Licchavi Lyceum


Licchavi Lyceum

Pitts India Act of 1784

The Pitts India Act of 1784 was passed in order to remove the defects of Government of India Act 1773. It was enacted to improve economic and political efficiency of British rule in India. For the first time the economic and political functions of the government was separated.

Pitts India Act of 1784
Pitts India Act of 1784

Objectives of Pitts India Act of 1784

The East India Company, which had gradually gained control over various regions of India, faced significant challenges in governance and financial management. The Pitt’s India Act aimed to address these issues by establishing a more efficient and accountable system of governance, with a focus on the Company’s affairs and the administration of British territories in India.

Reforms and Key Provisions

  1. Board of Control: One of the pivotal reforms introduced by the Pitt’s India Act was the creation of the Board of Control. This body consisted of six members appointed by the British Crown, with the purpose of overseeing and supervising the affairs of the East India Company. The Board had the authority to scrutinize and veto the actions of the Company, bringing it under more direct government control.
  2. Dual Governance Structure: The act introduced a dual governance structure, separating commercial and political powers. The Court of Directors of the East India Company retained control over commercial matters, while the Board of Control supervised political and administrative decisions in India.
  3. Governors-General: The act established the office of the Governor-General of Bengal, who was to be appointed by the British Crown. The Governor-General had authority over the other presidencies, namely Madras and Bombay, and held greater powers to exercise control and implement policies.
  4. Revenue and Financial Reforms: The Pitt’s India Act also aimed to address the financial challenges faced by the East India Company. It introduced reforms related to revenue collection, taxation, and the audit of accounts, ensuring better financial management and transparency.

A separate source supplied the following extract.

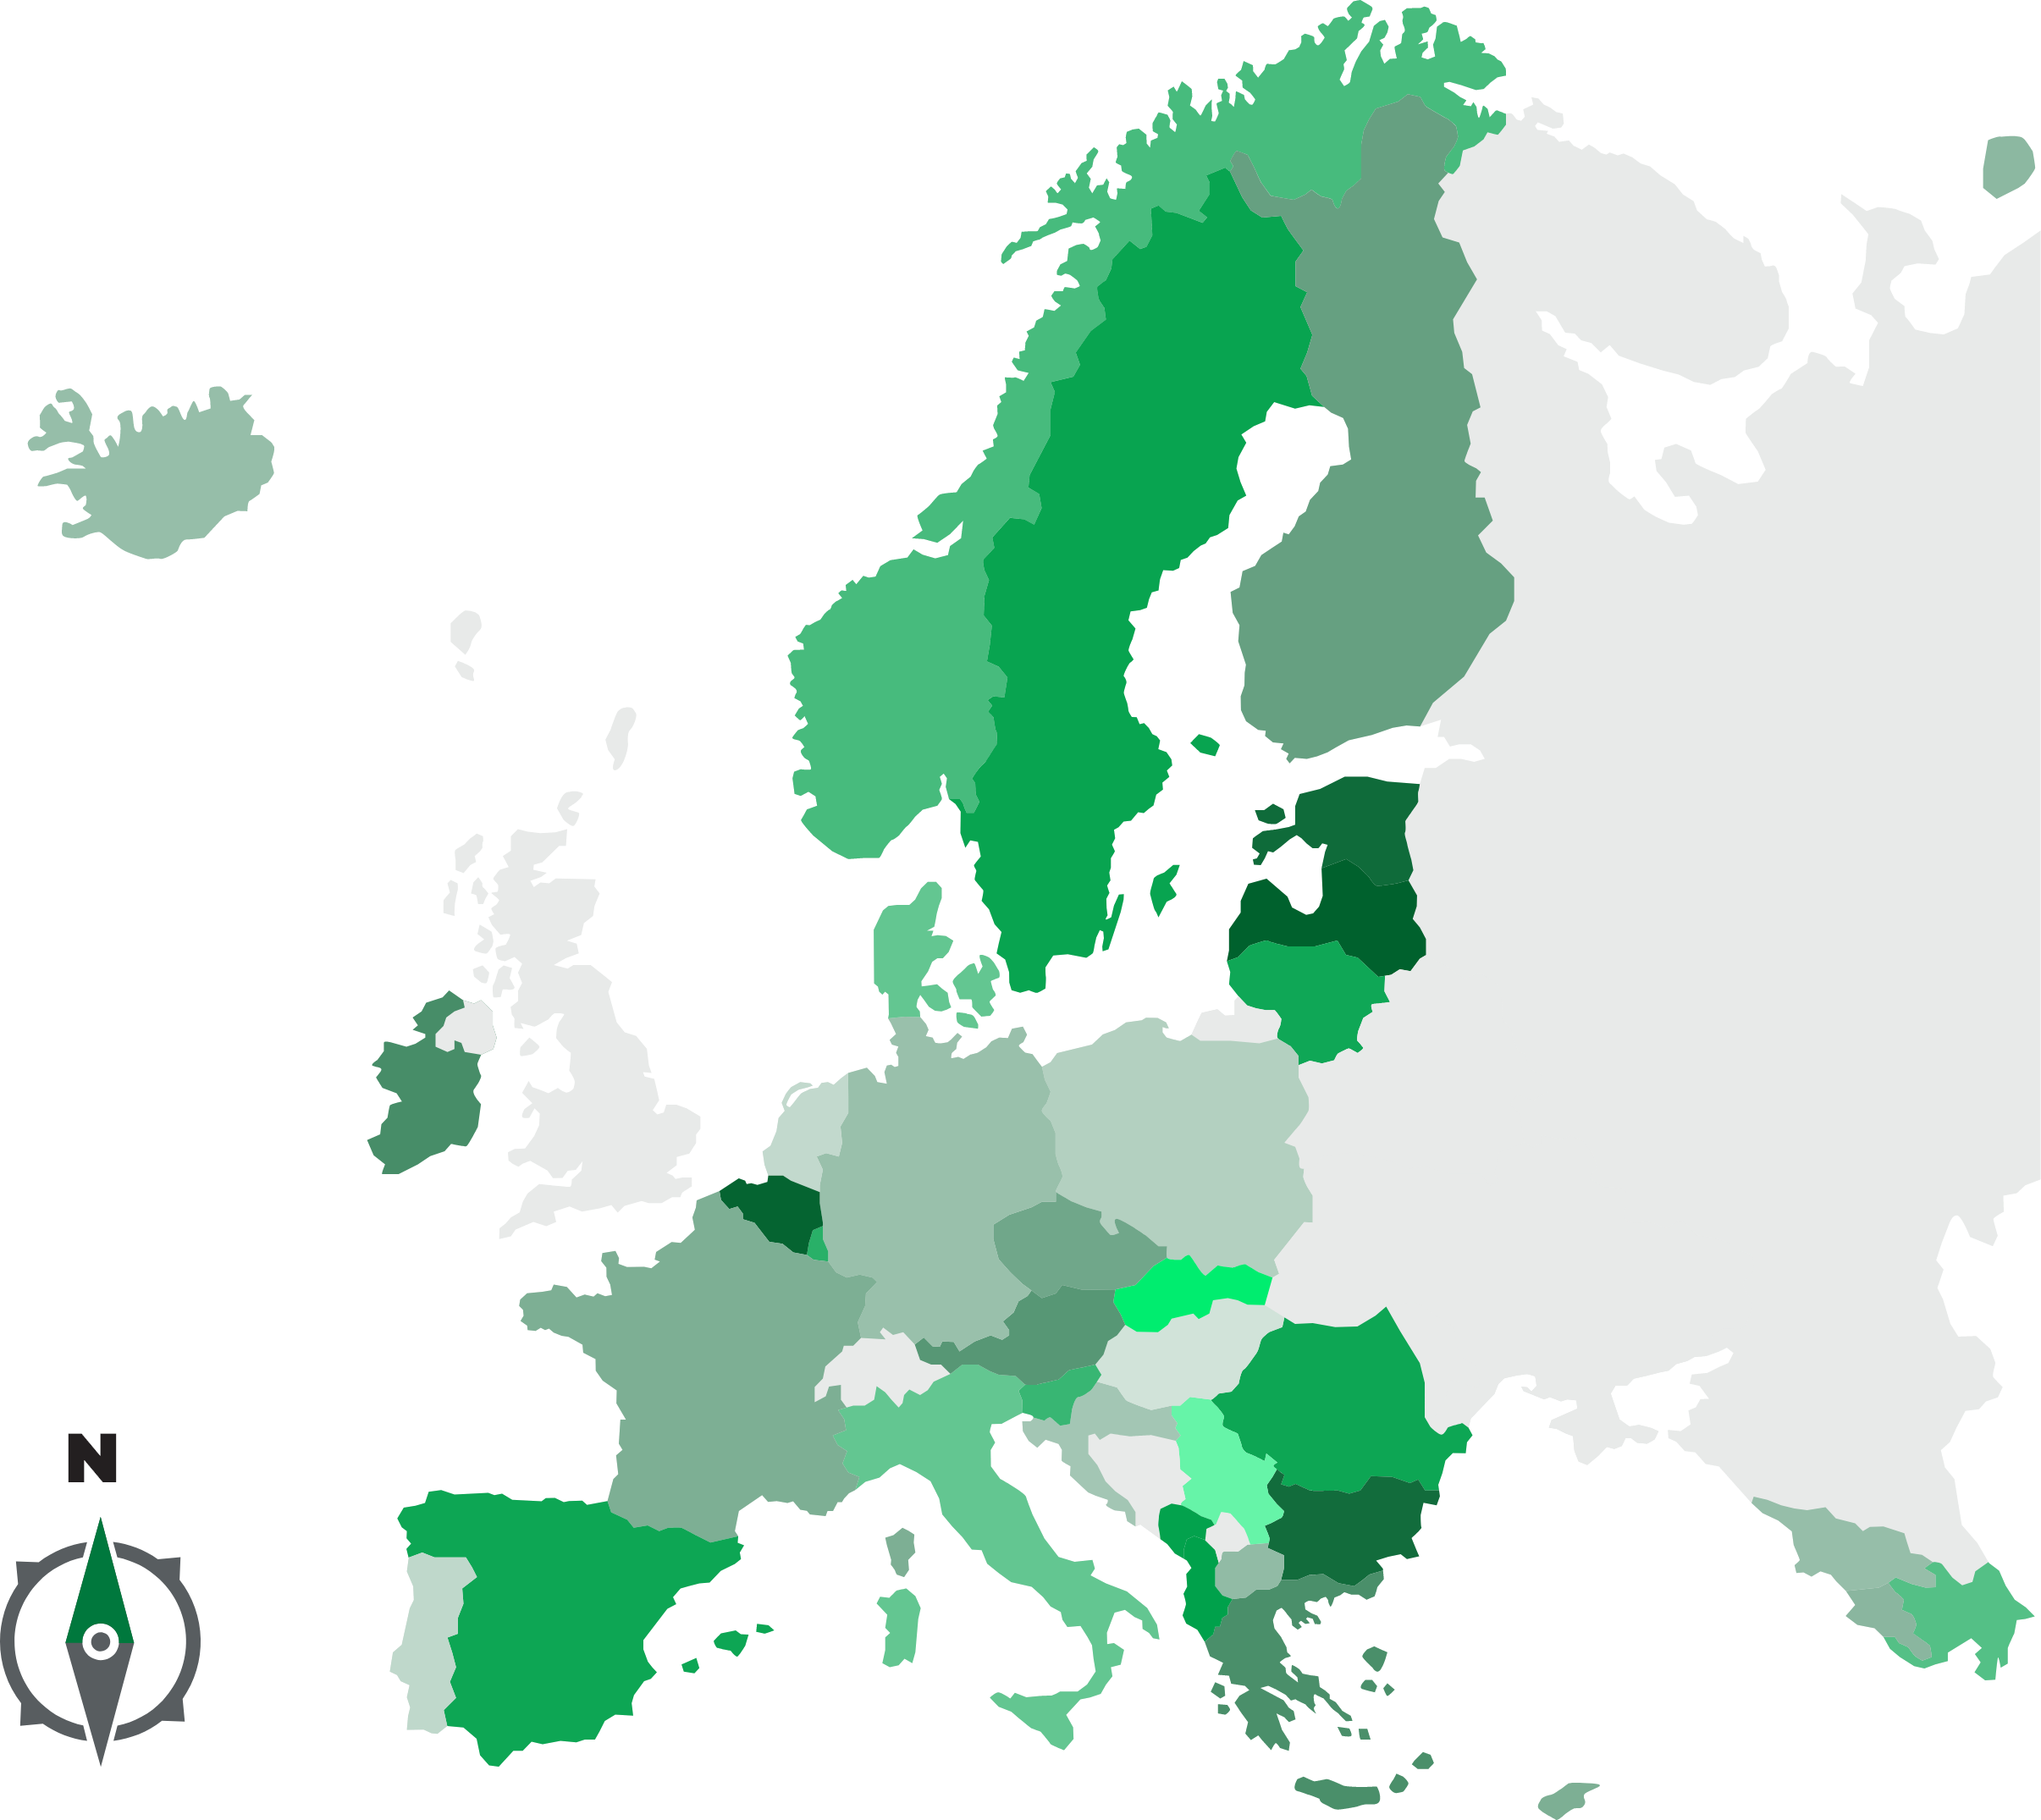 Mappa europea che evidenzia gli stati aderenti al progetto PCR

The Pitt’s India Act of 1784 was a significant milestone in British colonial rule in India. By introducing reforms such as the Board of Control and establishing a dual governance structure, the act aimed to bring greater accountability and centralized control over the affairs of the East India Company. The act’s impact extended beyond its immediate effects, laying the foundation for subsequent reforms and shaping the trajectory of India’s nationalist movement.